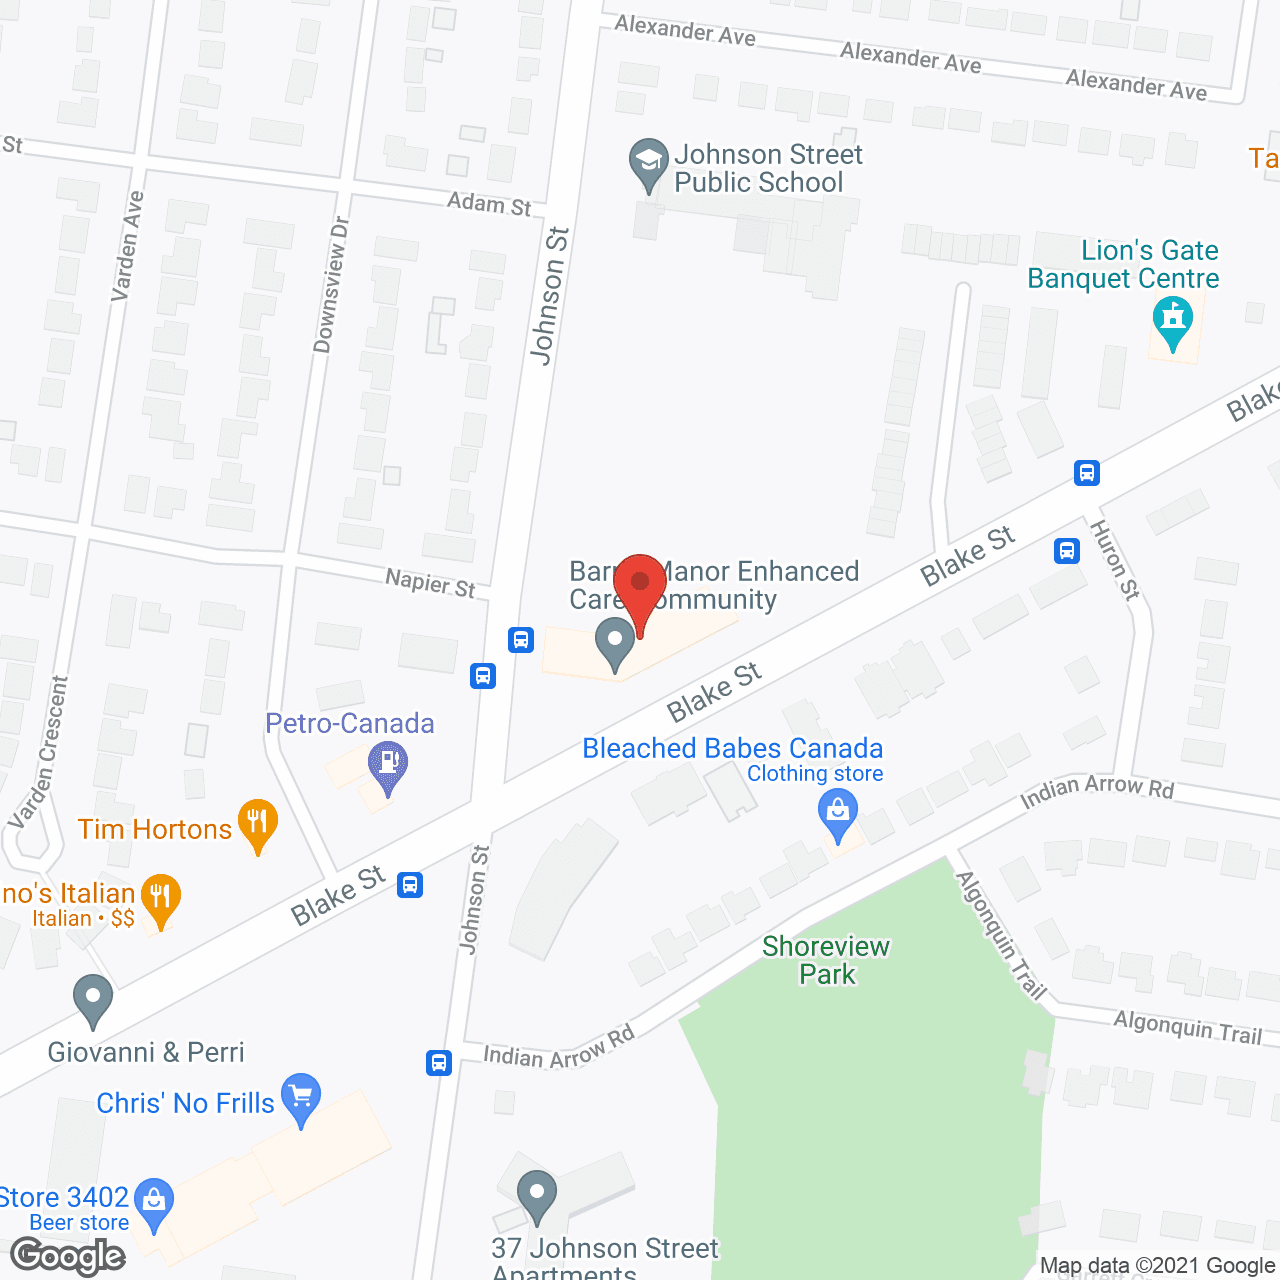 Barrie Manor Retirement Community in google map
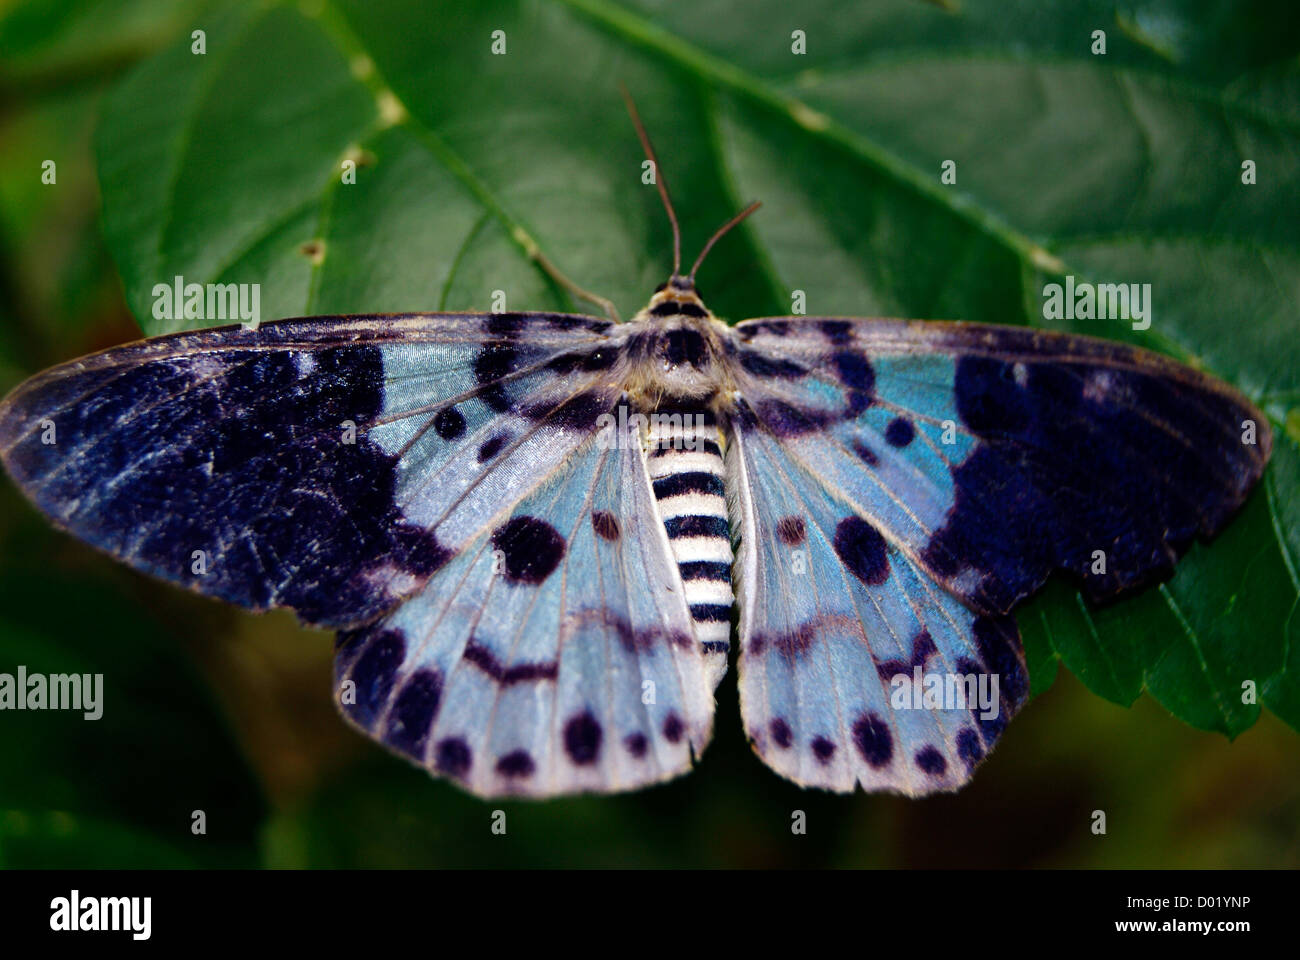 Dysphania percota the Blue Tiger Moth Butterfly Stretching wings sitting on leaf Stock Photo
★ ★ ★ ★ ★
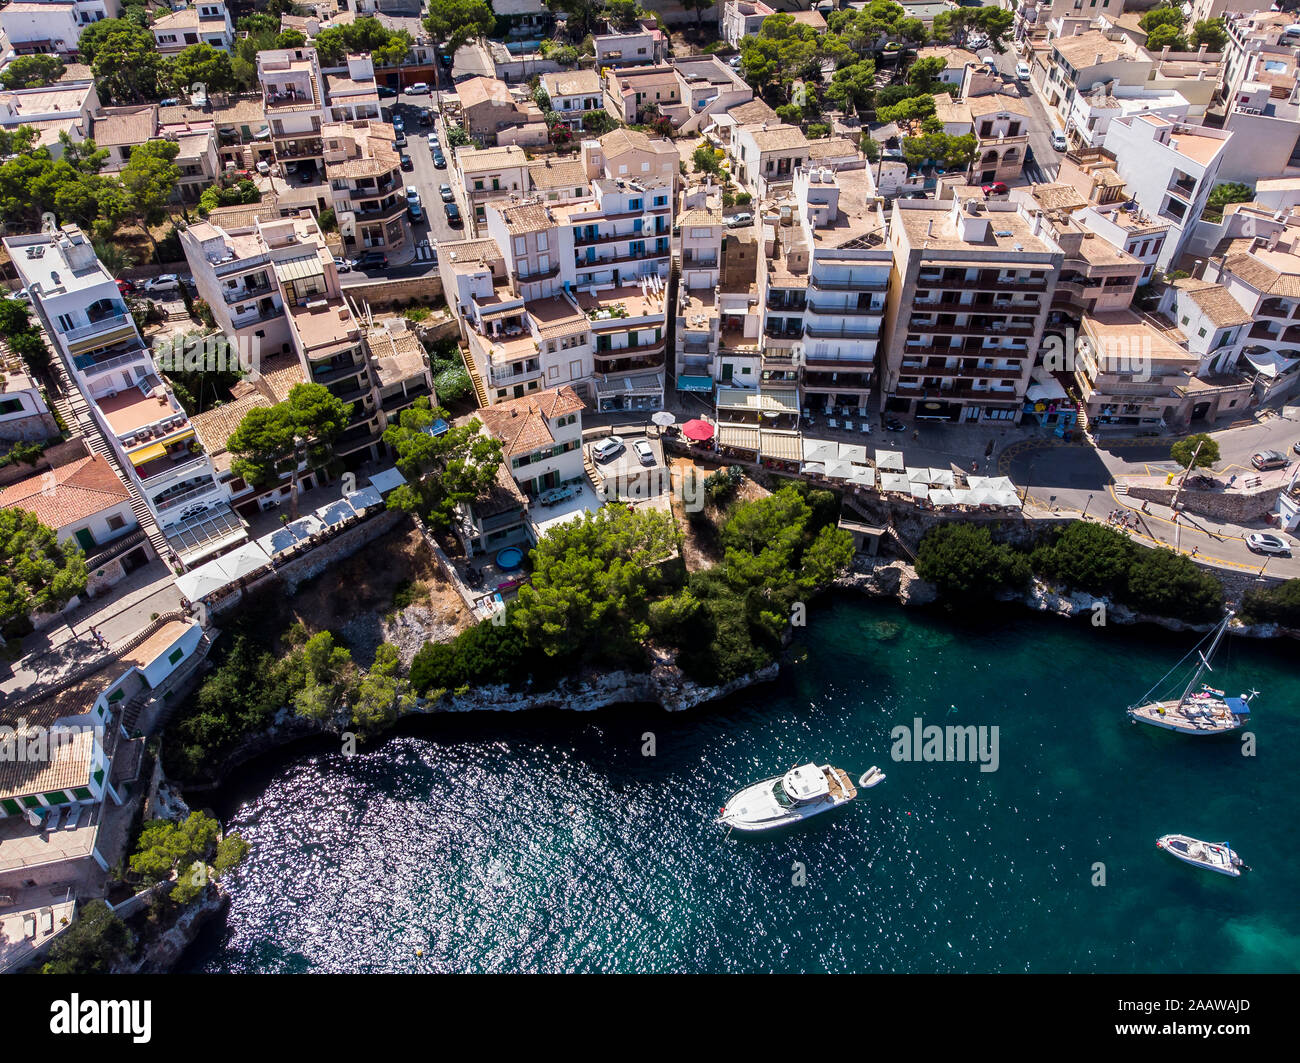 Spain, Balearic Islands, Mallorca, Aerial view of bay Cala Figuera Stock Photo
★ ★ ★ ★ ★
# WHAT NEEDS TO BE DONE
If a picture sits between the line containing "Barrie Manor Retirement" and the line containing "Dysphania percota the", leave it out, and return the lines of that range above exactly, both ends included.

# WRITTEN RESPONSE
 Barrie Manor Retirement Community in google map
 Dysphania percota the Blue Tiger Moth Butterfly Stretching wings sitting on leaf Stock Photo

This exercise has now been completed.